### [WHAT IS BEING ASKED]
Could you restate the whole listing below word for word, minus the pictures?

### [THE DATA]
==========
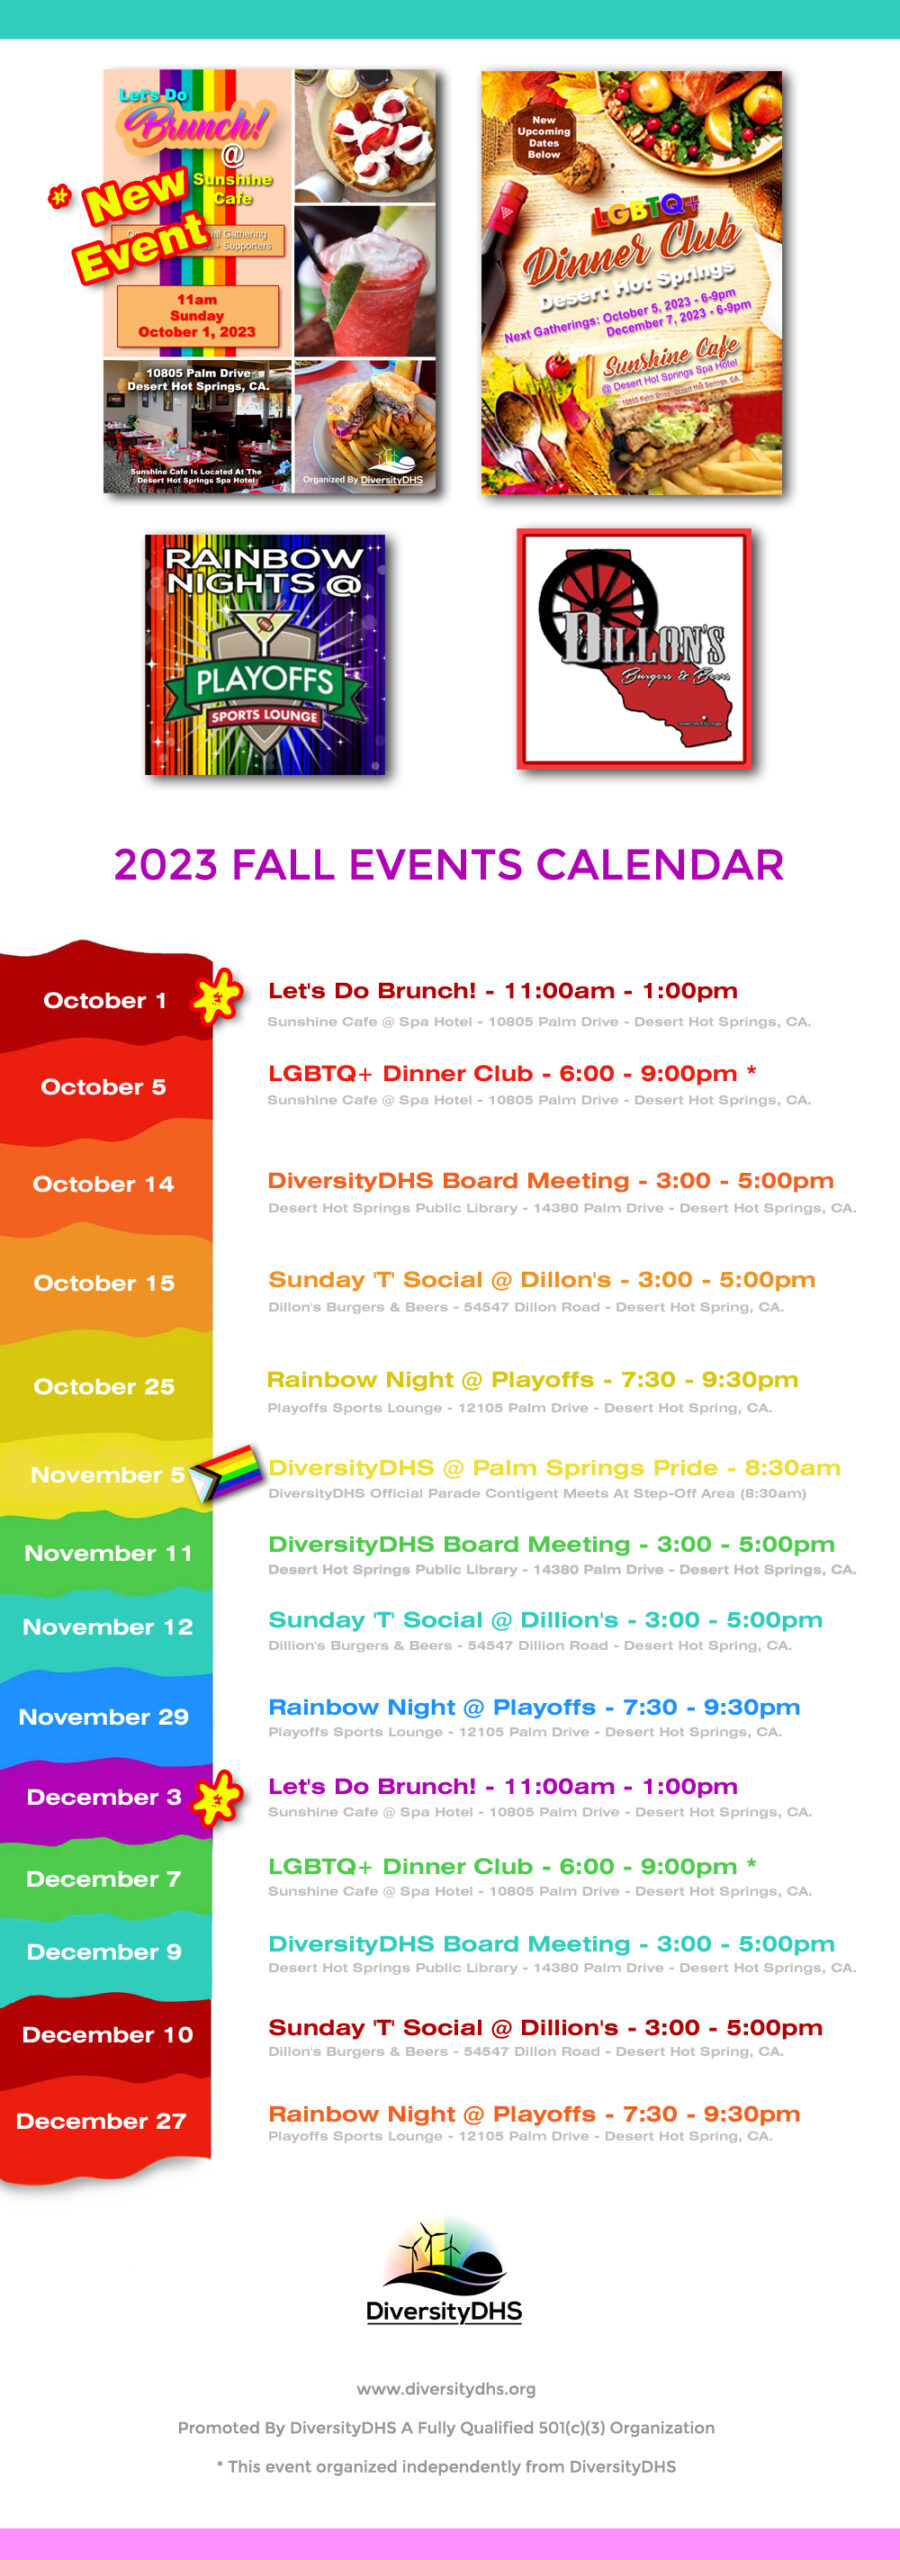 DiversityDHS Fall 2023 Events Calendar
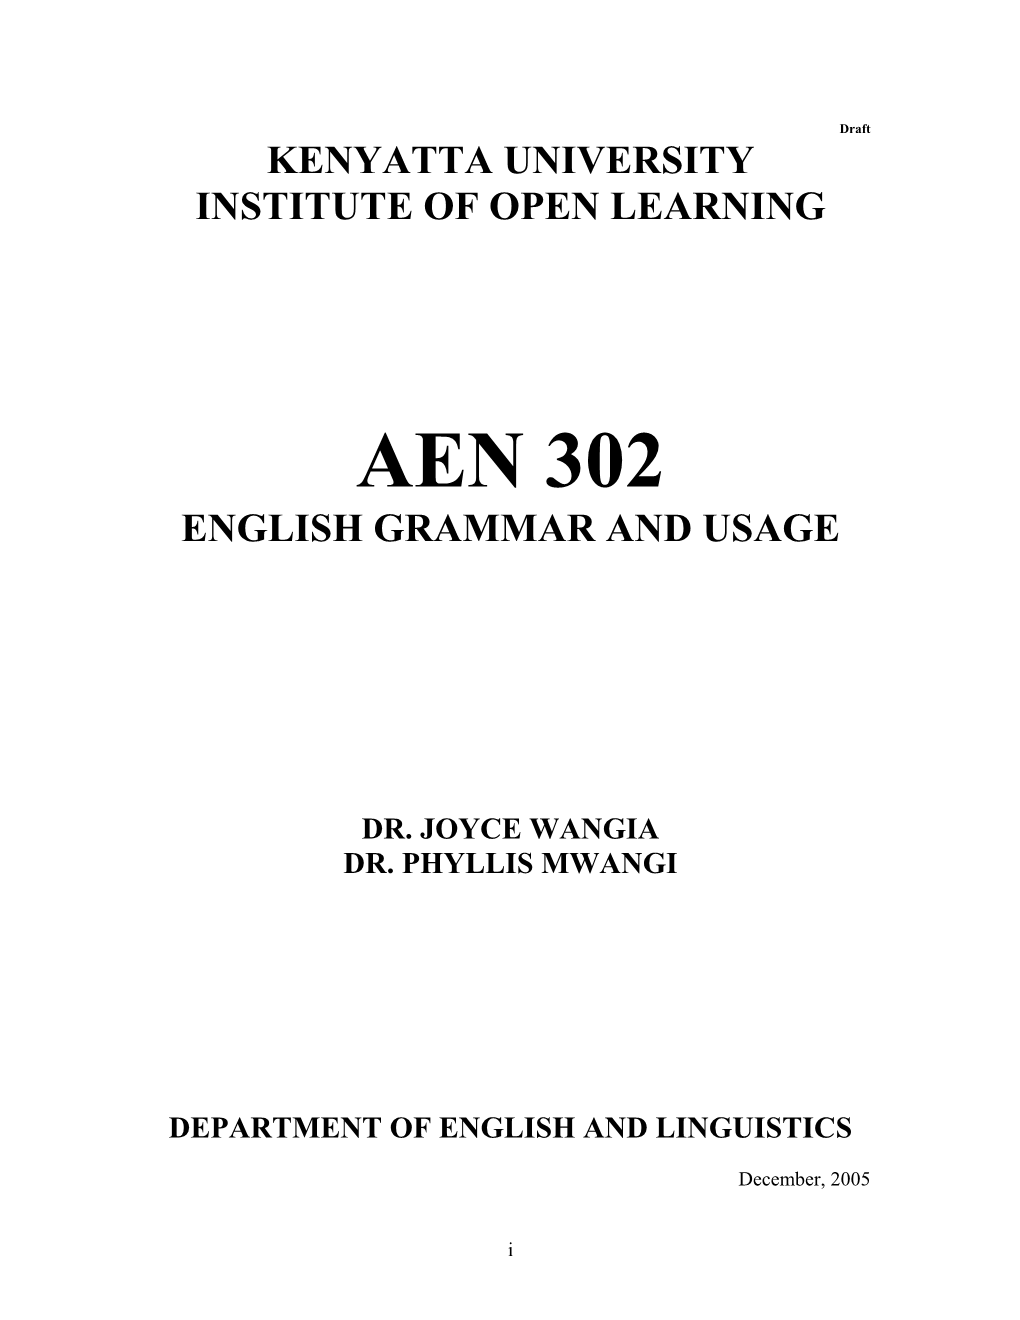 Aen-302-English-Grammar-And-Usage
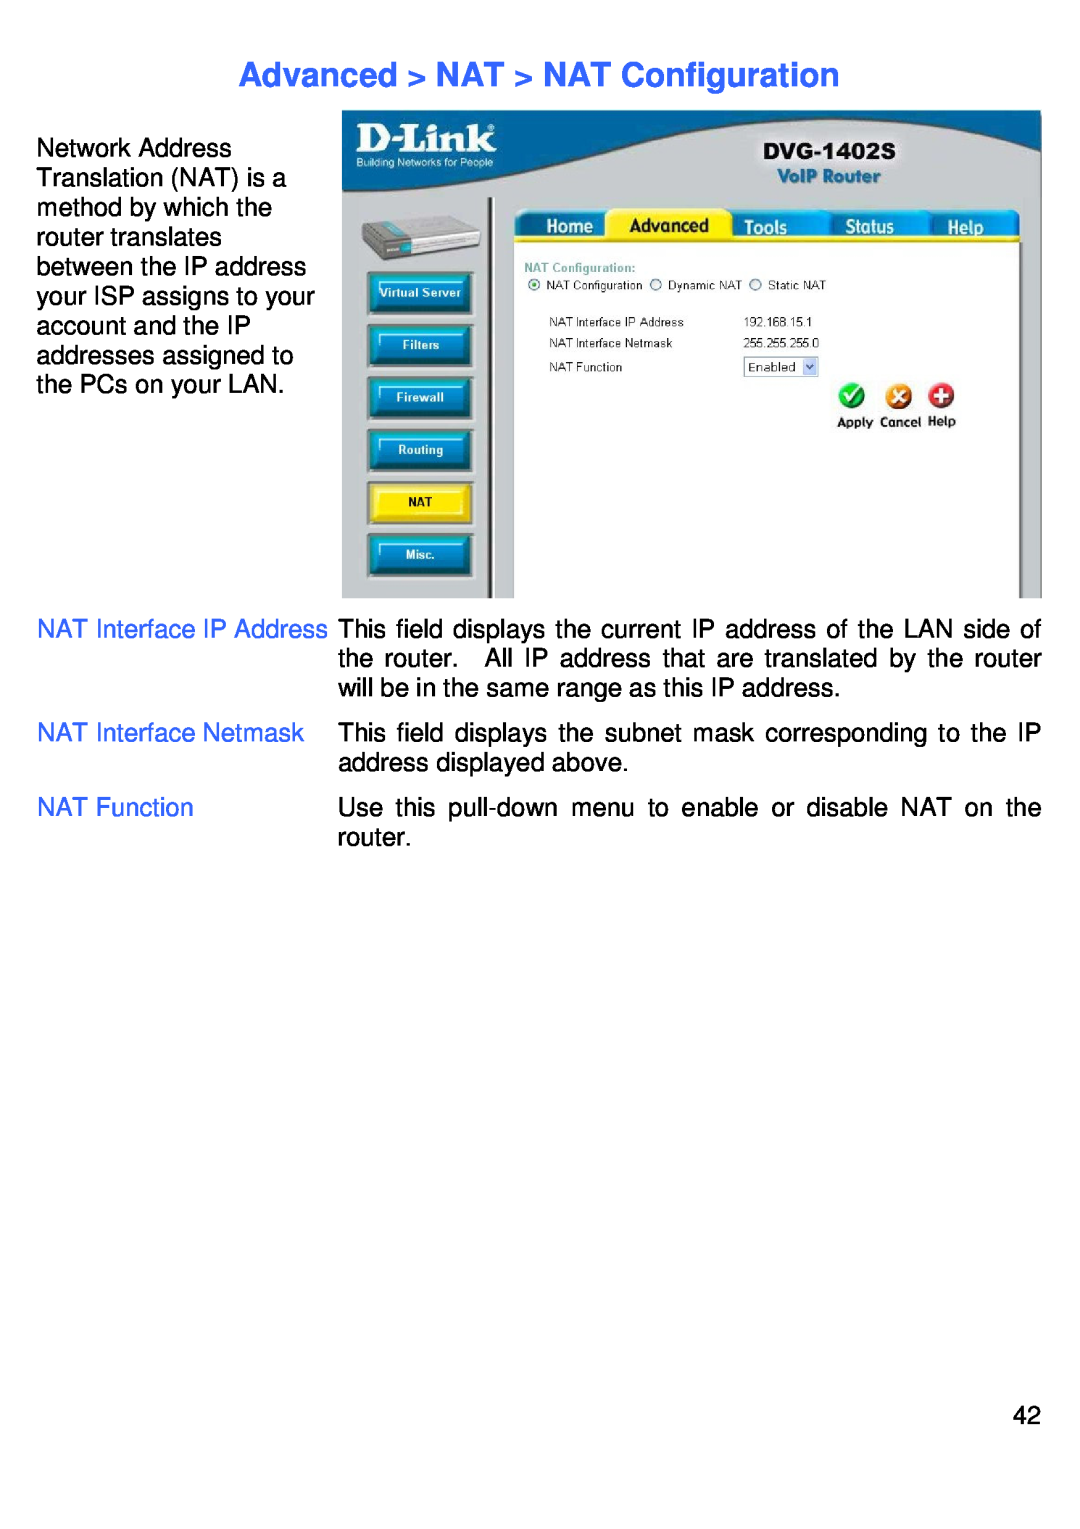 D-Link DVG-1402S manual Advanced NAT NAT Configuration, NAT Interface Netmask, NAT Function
==========
### [FINISHED TASK]
 DiversityDHS Fall 2023 Events Calendar
 Aen-302-English-Grammar-And-Usage
 D-Link DVG-1402S manual Advanced NAT NAT Configuration, NAT Interface Netmask, NAT Function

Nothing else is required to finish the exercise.